Он родился в небольшом латвийском городке, откуда, будучи ребенком, чудом спасся от стремительно наступающих немцев и ждавших их латышей. После войны провел множество интервью со свидетелями массовых расстрелов евреев в Румбульском лесу и других местах Латвии, собрал большое количество воспоминаний очевидцев о Холокосте. Он сделал очень многое, чтобы отплатить благодарностью простому рижскому рыбаку Жанису Липке, который укрыл в своем доме и спас от смерти боле 50 латышских евреев. Давид опубликовал несколько книг, которые нельзя читать без боли за наш народ. На своей малой родине, в городке Прейли, он на свои средства поставил памятник погибшим там евреям. Сейчас там евреев нет.
Давид Зильберман
Давид был и остался человеком чудовищной энергии. В Риге конца 60-х он был участником и организатором нескольких сионистских групп, и не было такой акции, в которой бы он не участвовал самым активным образом. Его вызывали в КГБ на допросы в связи с готовящимся Рижским антиеврейским процессом, где он изобретательно водил за нос следователей, сознаваясь во всем, в чем можно или нужно было сознаться, но решительно отрицая то, в чем можно было обвинить его и других. А знал он очень многих и очень много.
* * *
В 1969 году еврейская Рига бурлила - выпустили в Израиль довольно большую группу евреев. Уехали Словины, Мендель Гордин, Женя и Толик Фельд, Нехама Лапидус и другие. Толик уехал вместе со своей мамой, которая была родной сестрой моего отца. Так у меня появилась тель-авивская тетя. Я получил от нее вызов и подал документы на выезд. Мне отказали. Таким образом я стал «официальным» отказником.

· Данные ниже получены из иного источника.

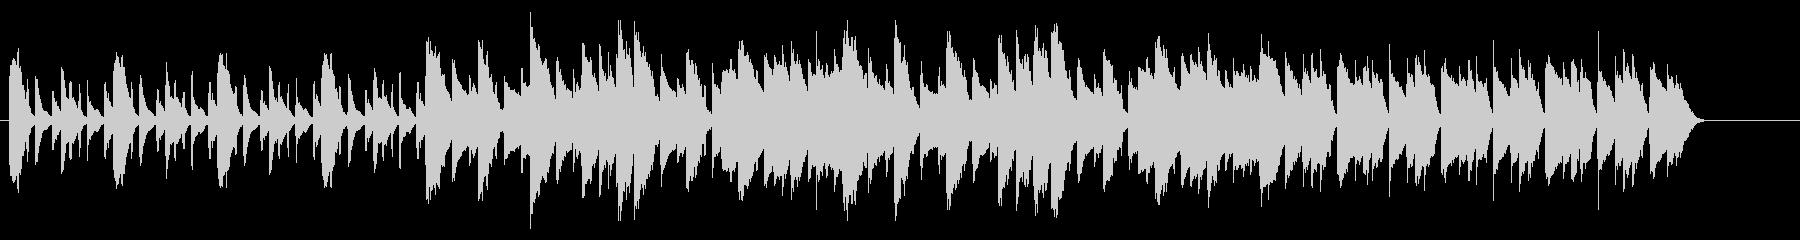 SNS広告 ピアノメイン ミニマル1の未再生の波形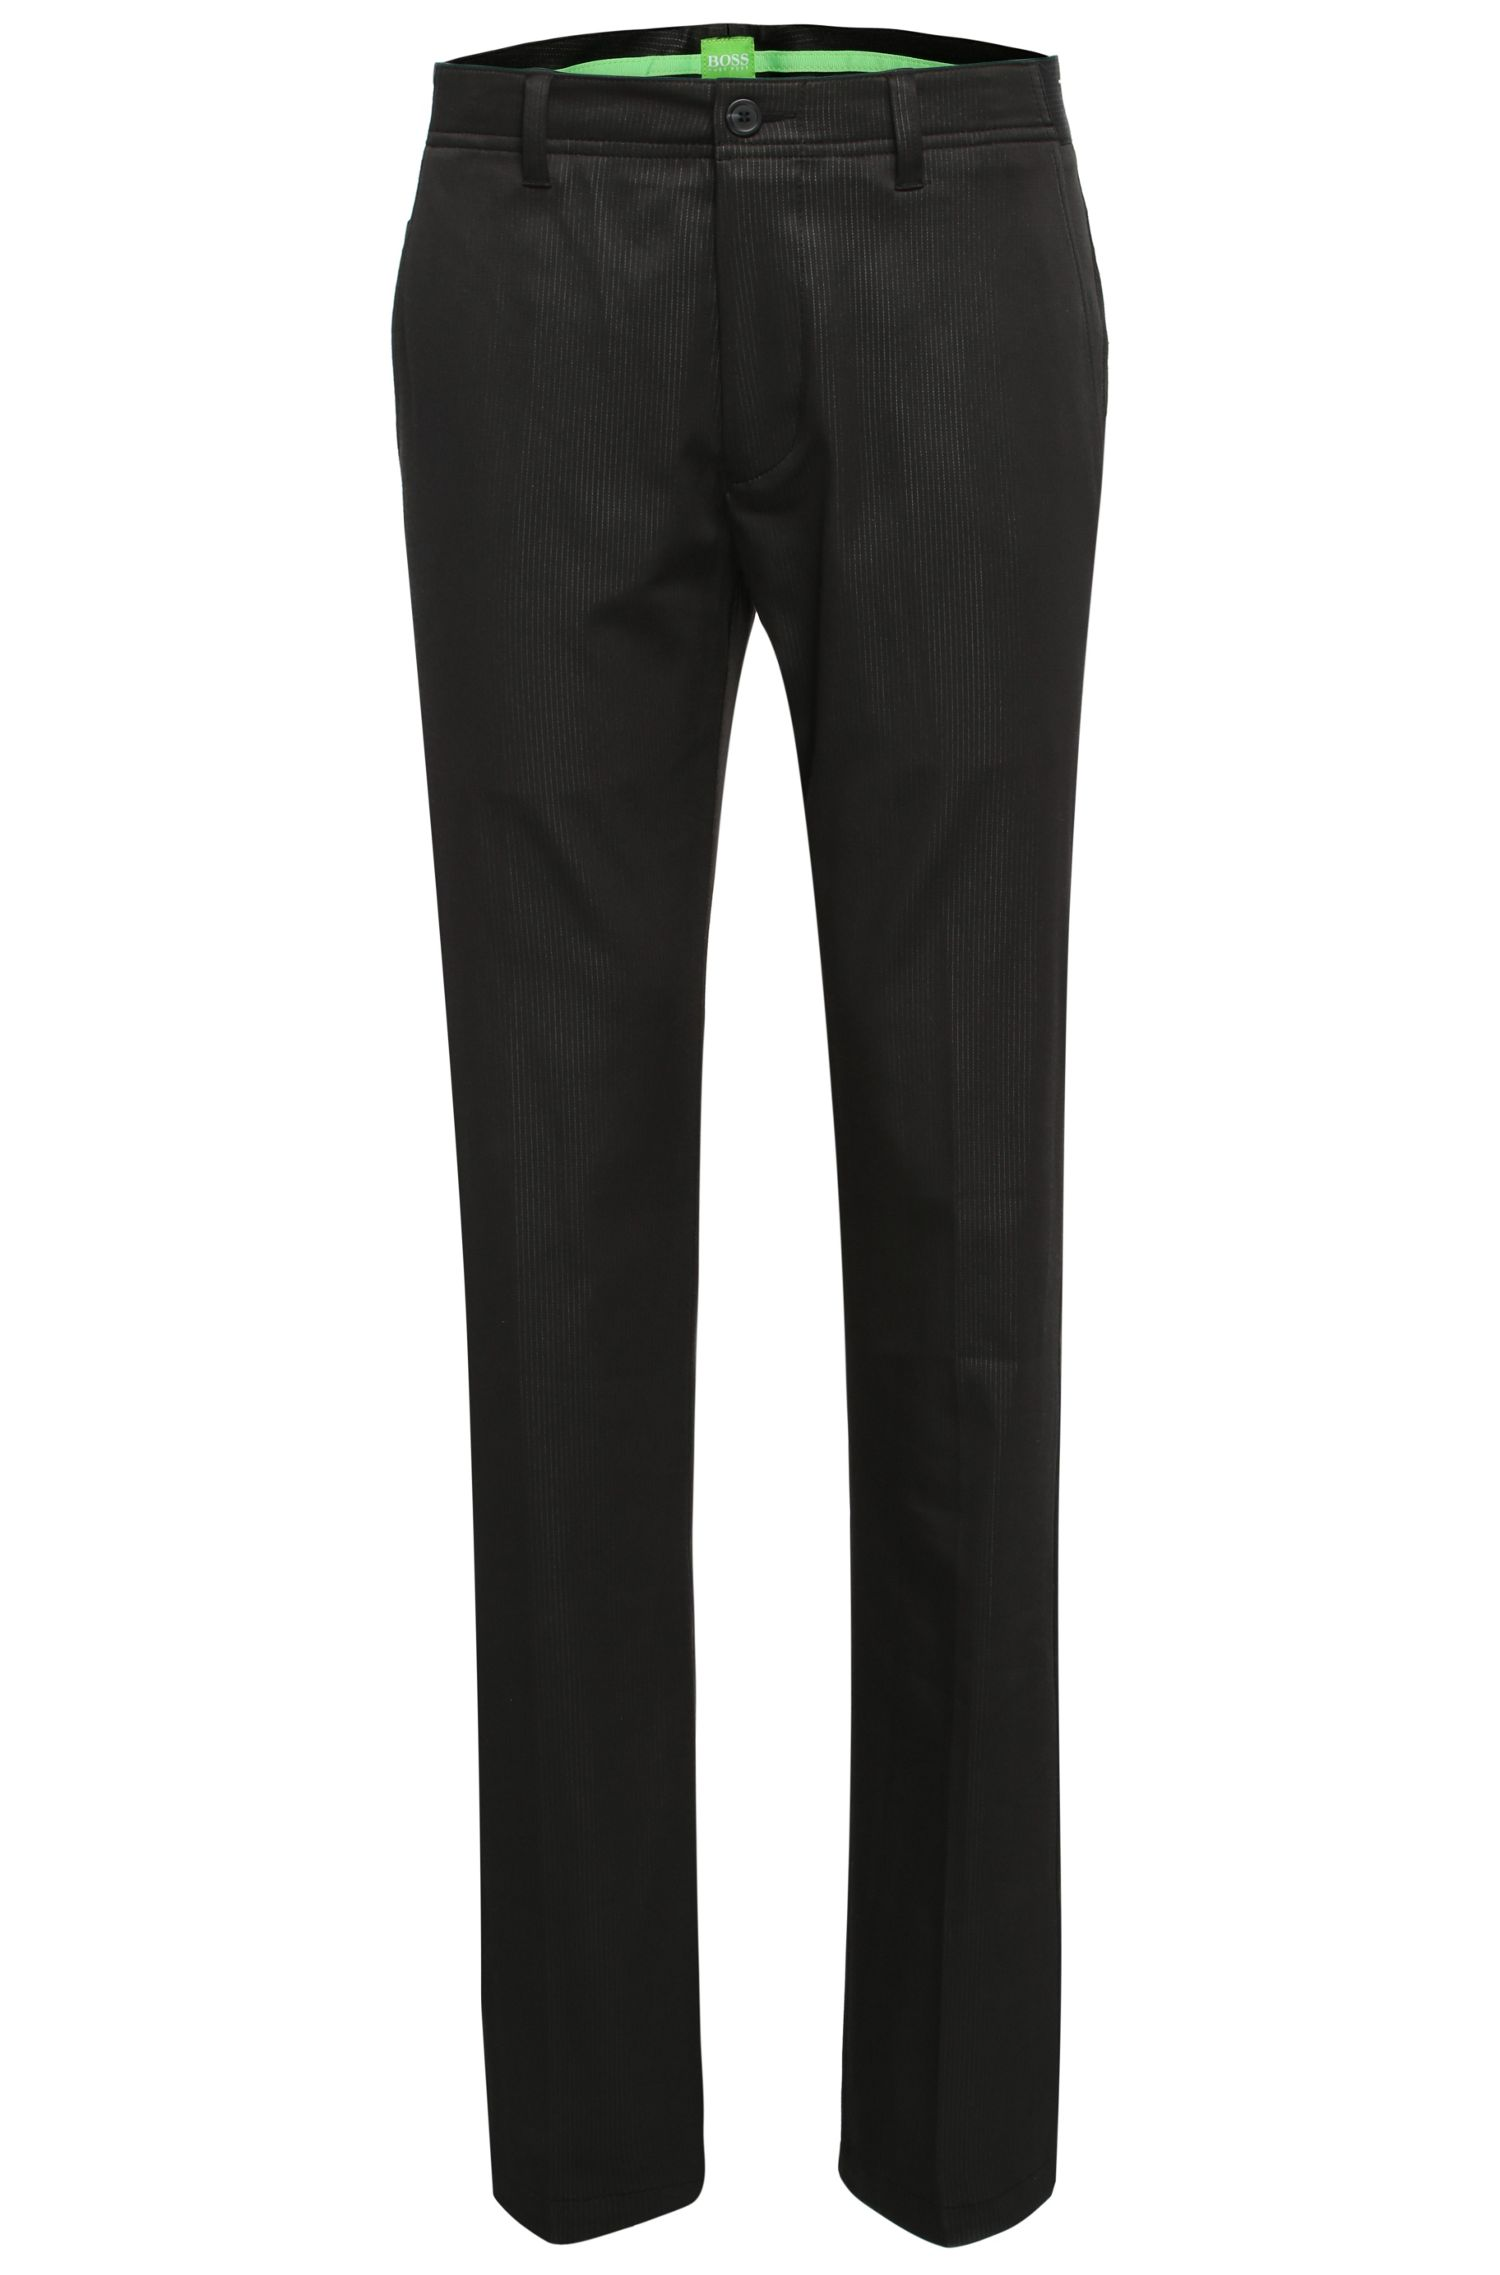 'Hakan' | Slim Fit, CoolMax Performance Golf Pants

В сходном положении находились сотни семей рижских евреев. Начались сходки на квартирах, возникали группы - это было в полном смысле подпольное движение за алию. В числе моих новых знакомых были те, кто участвовал в попытке захвата небольшого пассажирского самолета в аэропорту под Ленинградом, а также арестованные в связи с «самолетным делом» рижские активисты. Среди них особенно выделялся Арон Шпильберг, который мне очень нравился. Это был серьезный, принципиальный и волевой человек. В 1970 году его арестовали и осудили на три года колонии строгого режима за «антисоветскую деятельность». Назову еще имена активистов того времени – тех, кто мне запомнился. Это Вульф Файтельсон, Геся Камайская, Давид Занд, Валерий Портной, Марк Исраэлит, Илья и Гарри Валк, Илья Брилович, Нисан Бейлин. Разумеется, это были далеко не все те.
В нашу сионистскую группу входили кораблестроитель Давид Зильберман, механик Саша Мясников (в Израиле он поменял фамилию на Массад), бывший морской офицер Иосиф Ройтман, строитель Борис Иофис, авиастроитель Шимон Гасуль и я, безработный научный сотрудник. Мы регулярно встречались, намечали конкретные акции протеста, писали коллективные письма. Большинство из нас были участниками голодной демонстрации в приемной Верховного Совета СССР, о которой речь пойдет впереди.
* * *
Когда я уезжал из Москвы в Ригу, меня посчитали немного сумасшедшим, а после приезда некоторые рижане даже подозревали, что я провокатор. Сознаюсь сразу: провокатором я не был. А вот сумасшедшим... Этого я до сегодняшнего дня не знаю.
Москвич, кандидат технических наук бросает работу, квартиру и столичную прописку, едет в другой город, где его ждет неизвестное будущее. Нигде не работает, живет у знакомых или у родственников, ест всухомятку что придется. И при этом лезет в самую гущу событий, которые с высокой степенью вероятности могут для него закончиться, мягко скажем, большими неприятностями. Я обычно как-то выкручивался из трудных ситуаций и неприятностей, в которые сам же добровольно влезал. Но это везение могло в один прекрасный день прекратиться.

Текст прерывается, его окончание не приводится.